I will follow up with a more comprehensive review in a few weeks once I've learnt all the ins and outs. Its going to be a sleepless weekend getting to grips with it!


----------



## Mrboots2u (May 10, 2013)

Looks good, and now that's someone that actually believes a grinder is more important than the machine,which of course is absolutely correct. . Fair play mate , well jealous


----------



## forzajuve (Feb 2, 2011)

Cheers man. Yes, the classic is capable or producing excellent shots, its just a bit more work to get something near consistency. I will probably upgrade one day, but not one day soon as it is still ticking over like a workhorse banging out shots that are only going to get better under the Major's orders!


----------



## painty (Jul 25, 2011)

Great stuff. It doesn't actually look too huge, either. Around the same height as Senor Classic?


----------



## forzajuve (Feb 2, 2011)

painty said:


> Great stuff. It doesn't actually look too huge, either. Around the same height as Senor Classic?

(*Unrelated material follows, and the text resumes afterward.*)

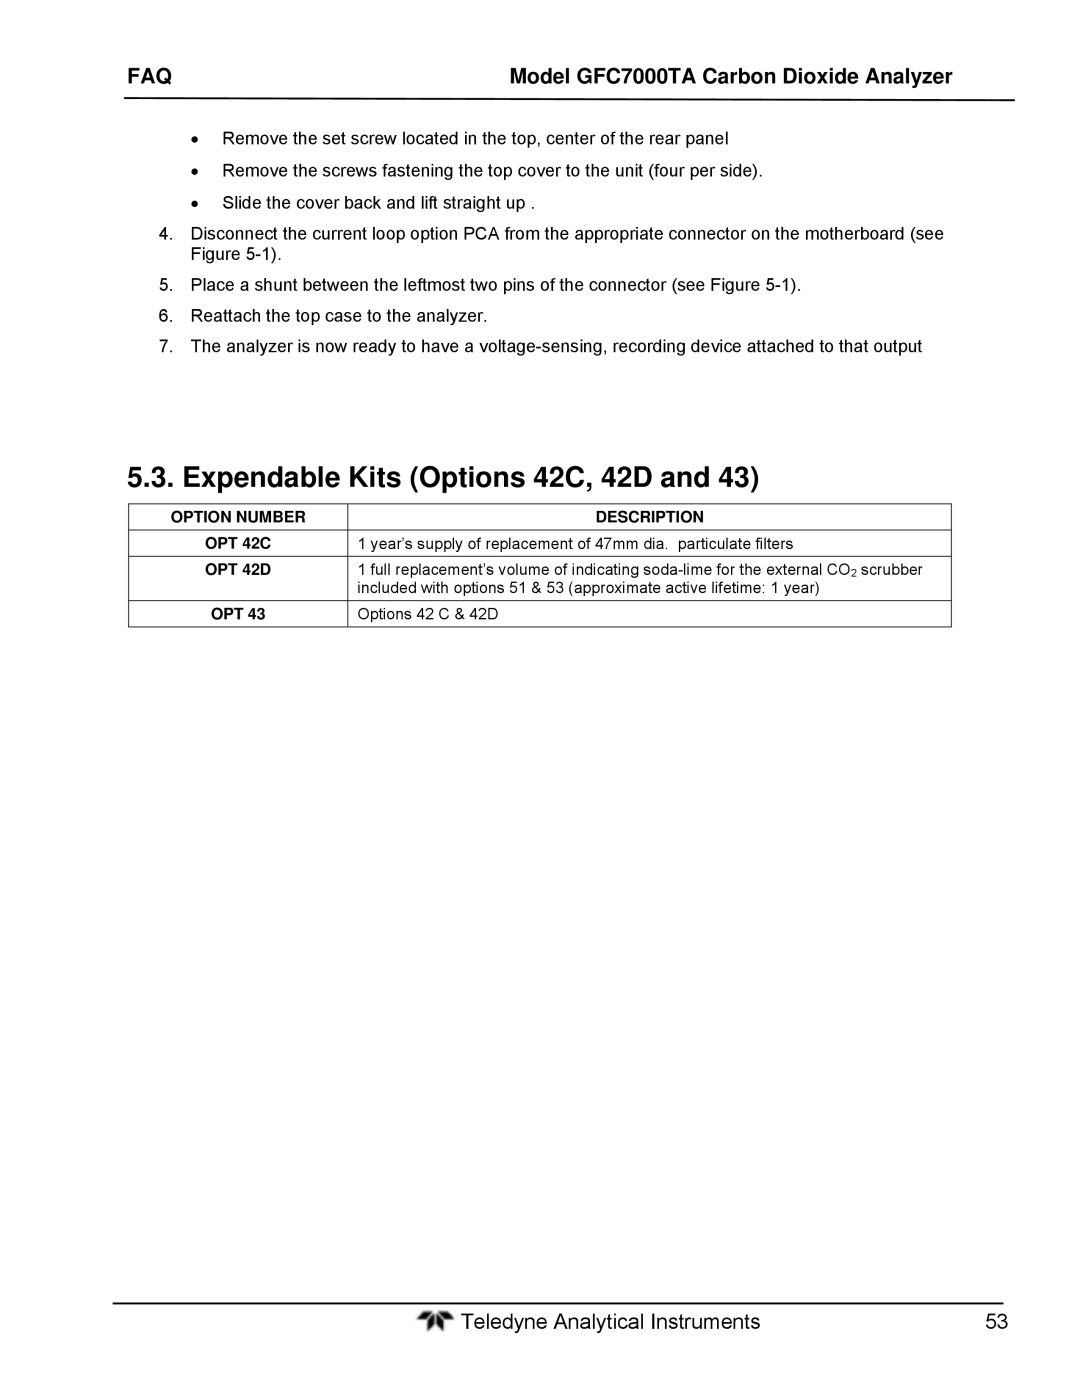 Teledyne gfc 7000ta operation manual Expendable Kits Options 42C, 42D, Option Number Description OPT 42C, OPT 42D

Actually yes I was quite happy with that. I did all the measuring up but still feared it was going to be mahoosive, just goes to show that without hoppers they aren't actually that tall. It does make poor old Mignon look like a toy in comparison


----------



## coffeechap (Apr 5, 2012)

finally someone realises that they do fit and they are no that big, hooray, nich grinder as well, be great to get some stuff up as I have always said with a fab grinder and an entry level machine you can get fab coffee, but not the other way around


----------



## Mrboots2u (May 10, 2013)

Using those single boiler machines like the gaggia and the silvia , you have to learn the skills quickly to get good coffee all the time . The skills Will stand you on good stead if and when you upgrade , along with the grinder !


----------



## GS11 (Feb 20, 2013)

Congrats on your new grinder.

Quality piece of kit


----------



## dwalsh1 (Mar 3, 2010)

Nice grinder mate.


----------



## drude (Apr 22, 2013)

That looks great - IMO the Mazzer on demands are much more appealing than the dosers, but usually cost much much more. Didn't really like the Mazzer doser mech at the grind off - give me an Anfim any day.


----------